Доктор стоял перед мужиками, большой и жилистый, стекла его очков отблескивали зеленым, отражая темную листву рябинника. На круглой докторской голове густо рос черный, коротко стриженный волос.
– Только, пожалуйста, никаких подарков в амбулаторию не носить, – добавил он. – Все равно не возьму.
«Тонкой», – подумал Тимофей, подбодрившись. Последние слова доктора он понял иносказательно: в амбулаторию ходи без подарков, а вечерком, значит, забеги на минутку с заднего крыльца…
В приемной и в двух комнатах, примыкавших к ней, всюду в изобилии остались нечистоплотные следы фельдшера: давленые клопы, окурки, плевки, обглоданные кости, заскорузлые портянки.
Доктор вышел спать на террасу. Он долго ворочался, раздумывая о своей бродяжьей судьбе.
Четыре года тому назад доктор окончил московский институт и получил путевку в район. Старый испытанный друг провожал доктора на вокзал. В Москве начиналась весна. В просветах между бетоном, стеклом и железом был хорошо виден небесный ледоход. Дворники чистили метлами сточные люки, на мокром асфальте клейко шипели автомобильные шины, народ шел по улицам густо, трамвай подолгу стоял на каждом перекрестке.
– Тебе не повезло, Алексей, – сказал друг.
Доктор сухо ответил:
– Не всем же веселиться в Москве, надо кому-нибудь и работать.
С тех пор доктор не выезжал из деревни, его перебрасывали из района в район, из больницы в больницу, отпуска не давали. Он узнавал о Москве только по газетам и письмам.

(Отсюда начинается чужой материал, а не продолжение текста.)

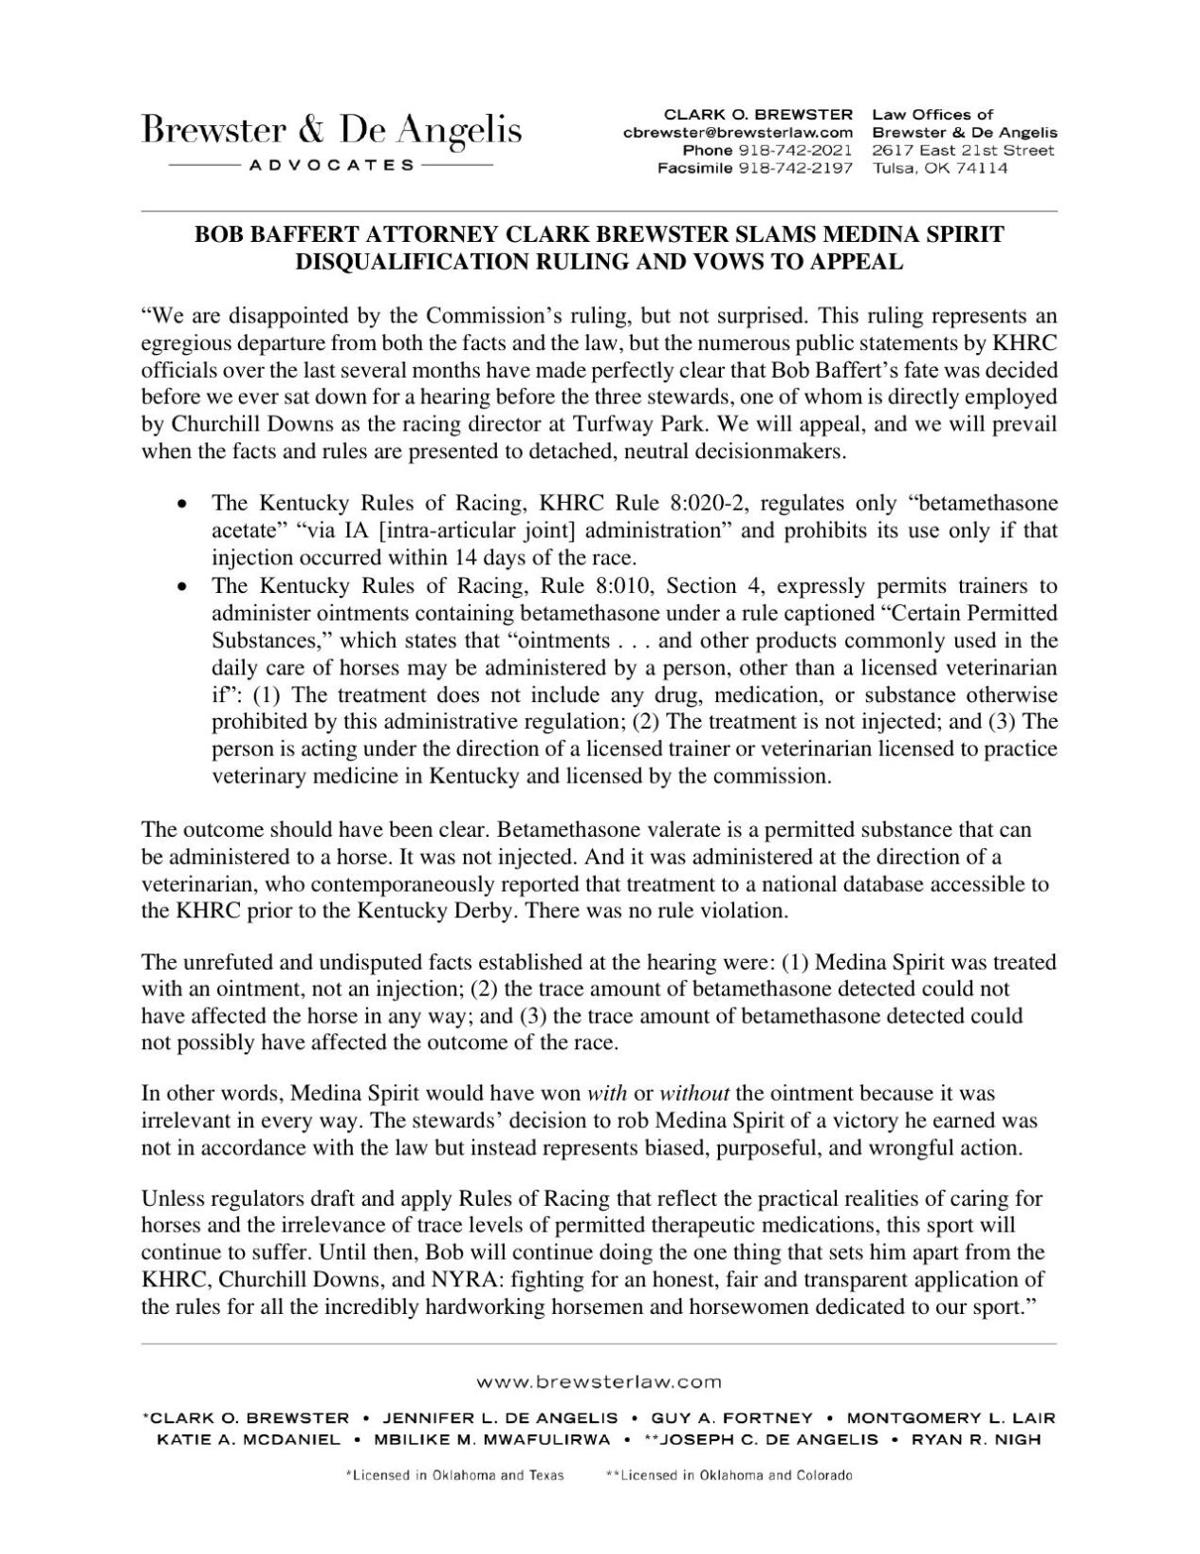 Clark Brewster statement on Medina Spirit disqualification

Деревня очень наскучила ему. Не совсем ошибался председатель Гаврила Степанович, приписывая горожанам неистребимую страсть к театрам.
Пололи картошку. Бабы шли шеренгой, выдирая мягкий лягушатник. Гаврила Степанович тихо позвал:
– Устя!
Она выпрямилась и тыльной стороной ладони сбросила со лба густой пот.
– Иди-ка, Устя, к доктору. Уборщицу требует.
Торопясь успокоить ее, председатель добавил:
– Человек культурный. Не полезет.
Она повела карим горячим глазом.
– Эге! – развеселился председатель. – Да ты, я вижу, не прочь! Смотри, баба!
– Не из тех, – уверенно сказала она. – Идтить, что ли?
Ее собственная изба сгорела в позапрошлом году. Теперь Устинья жила у старухи Трофимовны за шесть рублей в месяц.
Устинья повернула ключ. Загудел замок, крышка, сундука пружинисто отошла. Устинья достала новую кофту с голубым цветком по розовому полю, начистила сажей ботинки и, нарядная, пошла к доктору.
Зря старалась она, прихорашивалась. Сейчас же пришлось бежать домой переодеваться: доктор затеял генеральную уборку.
Кипел бак, урчал самовар, с шипением оседала в тазу мыльная пена. Доктор без пиджака, в одной рубахе, таскал дымящиеся ведра. Устинья хлестала кипятком во все щели, пазы и карнизы, выпаривая клопов и тараканов. Доктор, натужившись, принес четырехведерный бак и грохнул перед Устиньей.
– Небось тяжело? – замирая, спросила Устинья.
– Я здоровый, – ответил доктор. – Я раньше грузчиком на пристанях работал.
На его больших ладонях краснели рубцы от узких ручек тяжелого бака. Он развел широкие плечи, снял очки; глаза у него были как у цыгана, озорные.
– Неужто из грузчиков в доктора можно? – почти прошептала Устинья.
А сердце ее сжималось и падало все ниже; в груди она чувствовала томительную пустоту.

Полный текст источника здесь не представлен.